Returns the tag schemes supported by the linguistic tagger for a particular language.

Returns:

  • (Array)

    An array of tag schemes. See “Linguistic Tag Schemes” for the possible values.

- (Array) tagsInRange(range, scheme:tagScheme, options:opts, tokenRanges:tokenRanges)

Returns an array of linguistic tags and token ranges.

Parameters:

  • range (NSRange)

    The range from which to return tags.

  • tagScheme (String)

    The tag scheme. See “Linguistic Tag Schemes” for the possible values.

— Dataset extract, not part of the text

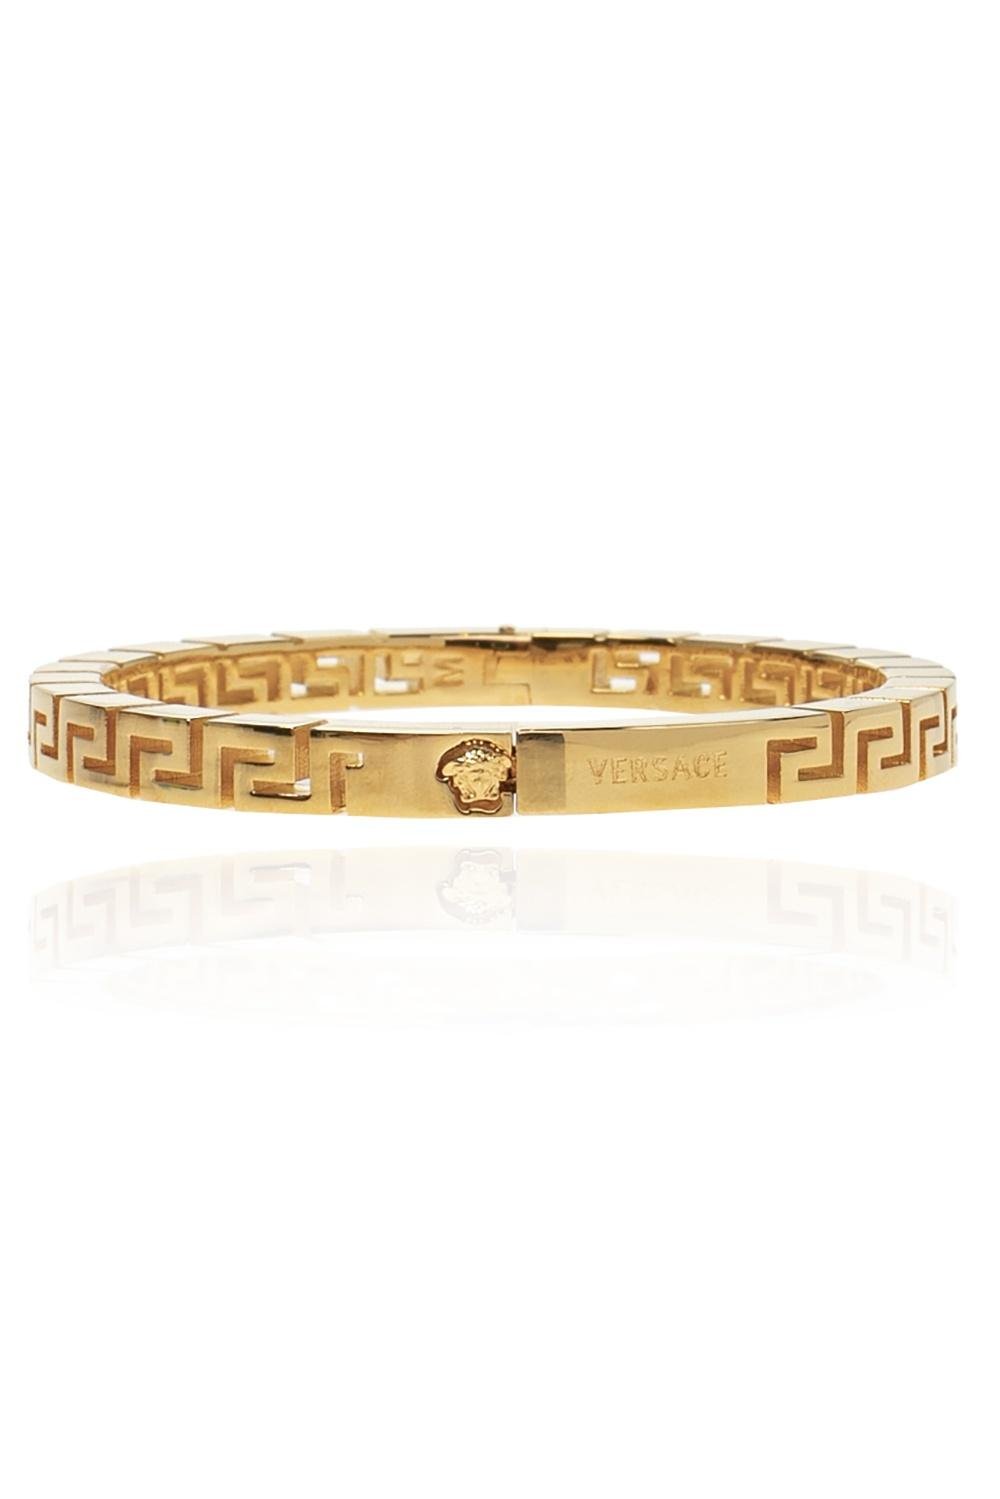 Versace Bracelet With Logo Gold in Metallic - Lyst

  • opts (NSLinguisticTaggerOptions)

    The linguistic tagger options to use. See “NSLinguisticTaggerOptions” for the constants. These constants can be combined using the C-Bitwise OR operator.

  • tokenRanges (Pointer)

    Returns by-reference an array of token range objects wrapped in NSValue objects.

Returns:

  • (Array)

    An array of the tag schemes corresponding to the entries in the tokenRanges array.